Johnson said this need was identified in the Kamiah Community Action Plan, Goal 6: The community has effective programs to eliminate substance abuse. This plan was adopted in 2006 by the City of Kamiah, Kamiah Chamber of Commerce, Kamiah School District, Idaho County Commissioners, Lewis County Commissioners, Kamiah Kiwanis, and the Nez Perce Tribe. Action 6.2: Form a Substance Abuse Coalition to plan, obtain funding, and implement a comprehensive substance abuse prevention and treatment program with measurable outcomes and tangible results was the premise on which the original coalition was founded. The goals were reflected in the organization mission statement: “Promoting Positive Change for a Healthy Community.”

Info:

UYLC

413 Main Street

Kamiah, ID 83536

For organizational questions: Sharlene Johnson, UYLC president, upriverylc@gmail.com.

Call: 208-743-0392; e-mail upriverylc@gmail.com; log onto: www.Upriveryouth.org.

“The focal goal of the coalition was to reduce and prevent substance use/abuse by youth in the community, while strengthening community collaboration and building a stronger coalition to sustain prevention efforts,” Johnson explained.

In 2008, founding members attended the Community Anti-Drug Coalitions of America (CADCA) Academy. Through this training and the dedication of its members, the coalition was awarded the CADCA’s Chairman Award in 2010. From 2008-2013 the coalition was able to realize organization and governance development, initiate proactive programs and partnerships, and achieve nationally acclaimed evidence-based successes.

In 2013, the coalition lost its two major funding sources, and the experienced executive director resigned.

“These losses led to a period of challenges, transition, mission fade, and diminished unfunded outputs. Remaining members were able to re-engage capacity and move forward with a renamed and reframed coalition - the Upriver Youth Leadership Council,” Johnson said.

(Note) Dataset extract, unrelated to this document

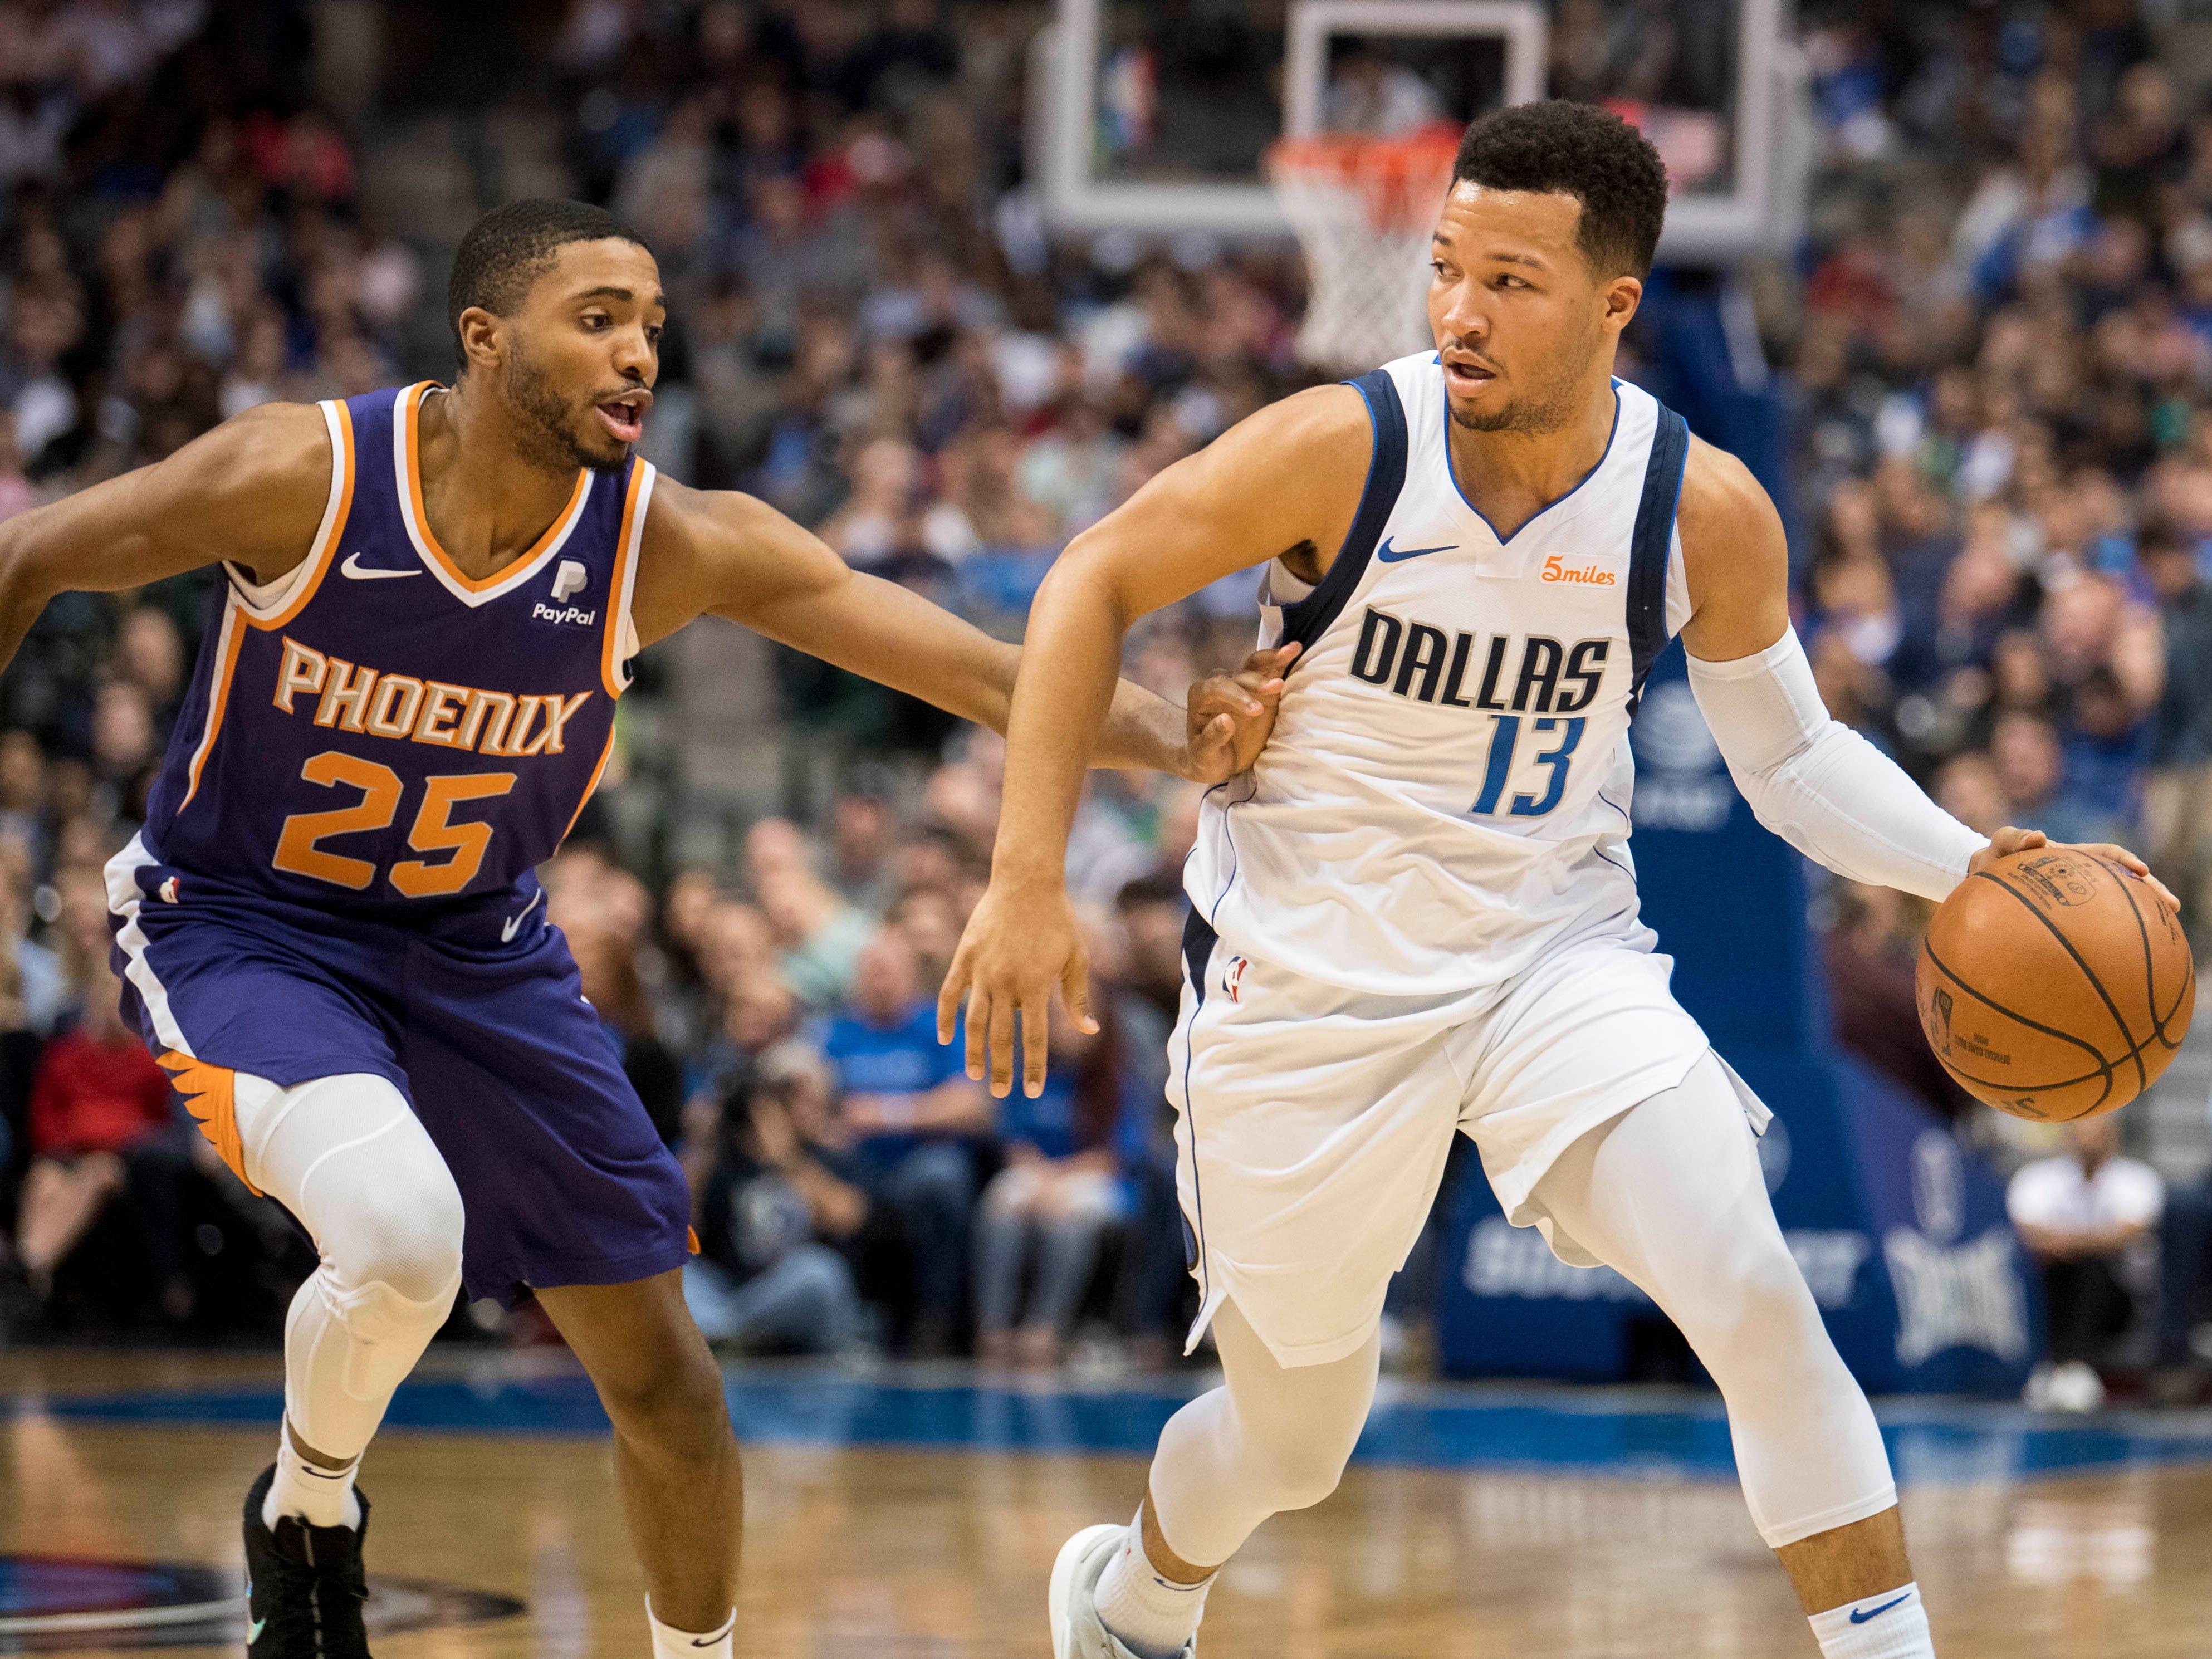 Jan 9, 2019; Dallas, TX, USA; Phoenix Suns forward Mikal Bridges (25) guards Dallas Mavericks guard Jalen Brunson (13) during the second quarter at the American Airlines Center. Mandatory Credit: Jerome Miron-USA TODAY Sports

The loss of a major funding source initiated the realization that there must be strengthened infrastructure, bylaws, and policies and procedures, as well as the development and implementation of sustainability strategies and actions to ensure the continued vitality of programs. The council has regained its capacity for substance use prevention and education in the community, continuing its role as an effective community change agent.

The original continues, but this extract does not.